Tuesday, February 19, 2013

The Coywolf, and other stories


I spent this holiday weekend in a frigid Ottawa, conducting a couple of interviews with interesting people and  visiting family. 

Looking out onto the frozen Rideau canal - comparison below with the same view in September - it's about -16C, and I'm lying in the snow 

 Like any wintry big city, Ottawa was a combination of icy picturesque, and mucky heaps of cleared snow.
Canadian Parliament buildings
The Ottawa River, from shore to frozen shore
Heaps of the stuff...

On my way to Ottawa I saw a coywolf, boldly watching the traffic at the side of the highway. There's increasing evidence that the 'Eastern Coyote' is in fact a hybrid of western coyotes and wolves. The western coyote - much more like a long-legged fox - expanded its range in the decades after wolves were extinguished in the eastern US and Canada. Reconstructions of the genetics suggest that they encountered a remnant wolf population in the Algonquin park in Ontario, and bred to form the foundation of perhaps a new species. The coywolf is intermediate in size and appearance between the coyote and the wolf. 
The coywolf...unfortunately not my picture...
I wrote in an earlier post about the superabundance of deer in the eastern woods. A plausible hypothesis is that these coywolves have been more successful than the 'pedigree' coyotes due to their larger size and  ability to kill deer, and yet avoid the fairytale-based hatred that wolves themselves receive. Essentially, we created a resource, and the flexible canine template has adapted to make use of it. Coywolves are now probably the top predator in New England, and have been found between the cracks in our civilisation, living nocturnally in towns and cities as well as the deeper forests - even recorded in Central Park in New York. There have been some signs more recently of coywolves becoming more wolf-like in behaviour and size, with some isolated instances of attacks on humans, as well as the killing of feral and domestic cats and small pet dogs left unattended. Such a trend doesn't bode well for finding an intelligent balance between the natural world and our determination to defend Fluffy and Kitty with our semi-automatic rifles. Perhaps the answer lies in having really big dogs...

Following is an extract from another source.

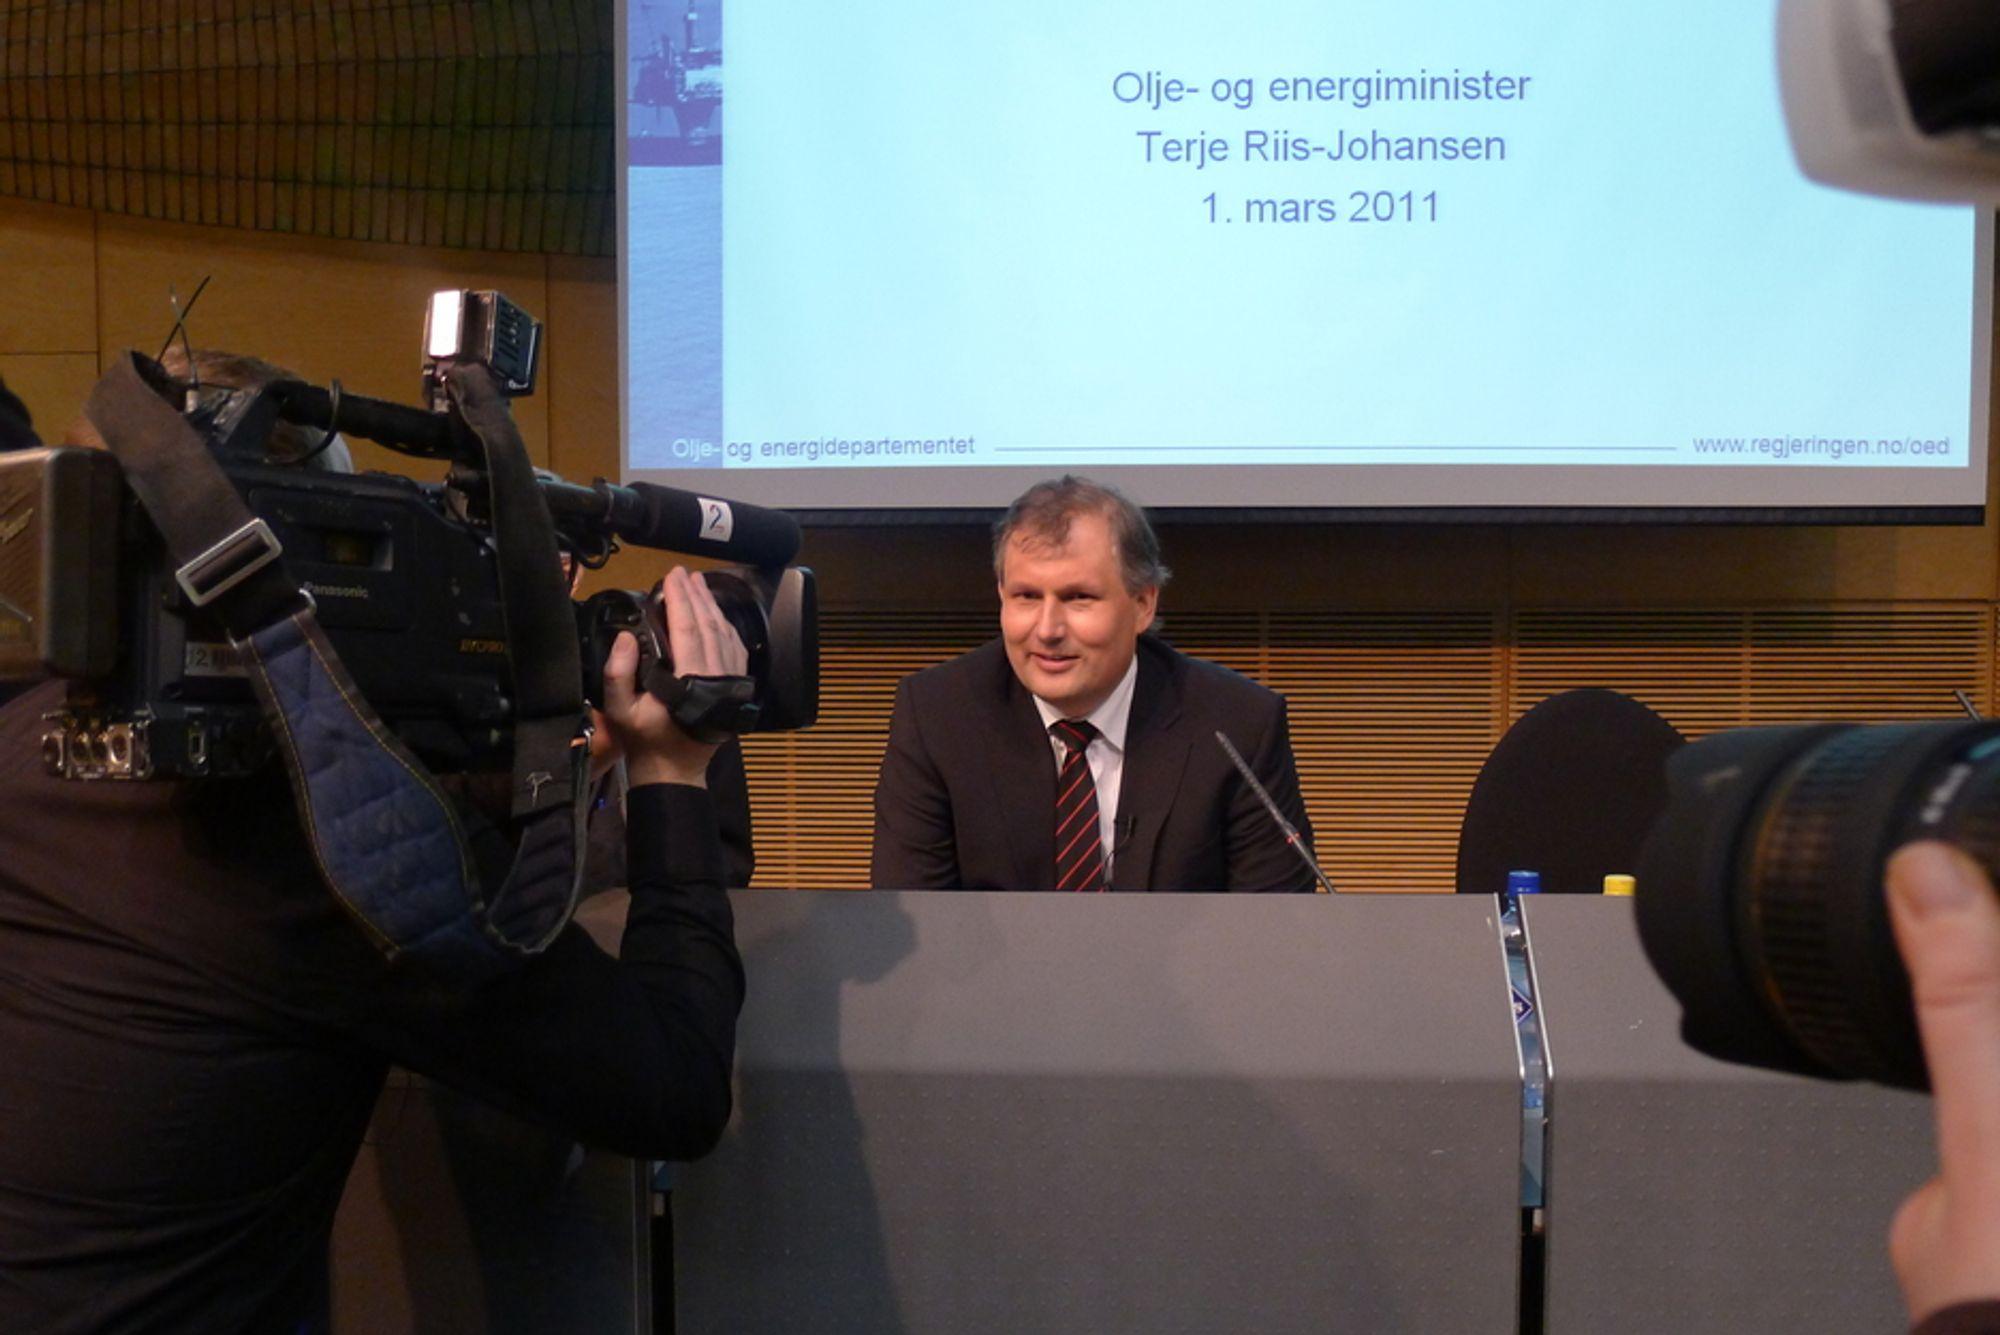 GRUNDIG GJENNOMGAN: ¿ Vi er mange som har lest mye og vi har gått grundig igjennom det som har kommet inn, forsikrer Terje Riis-Johansen på dagens pressekonferanse.

Update...also of interest from the Economist: http://www.economist.com/news/united-states/21573167-coyote-quietly-conquering-urban-america-dogged-persistence

Our Mardi Gras celebration meal in the staff dining room

Meanwhile, further positive news of the advance of modern thinking and enlightenment. The State of Mississippi has just ratified the 13th Amendment outlawing slavery. It appears that an earlier process was not fully completed, and the last step has now been finally completed. This would be a piece of comic bureaucratic bungling if it wasn't for the fact that the earlier ratification process dates back only to 1995. Mississippi clearly needed a full 130 years of reflection before making this dramatic step.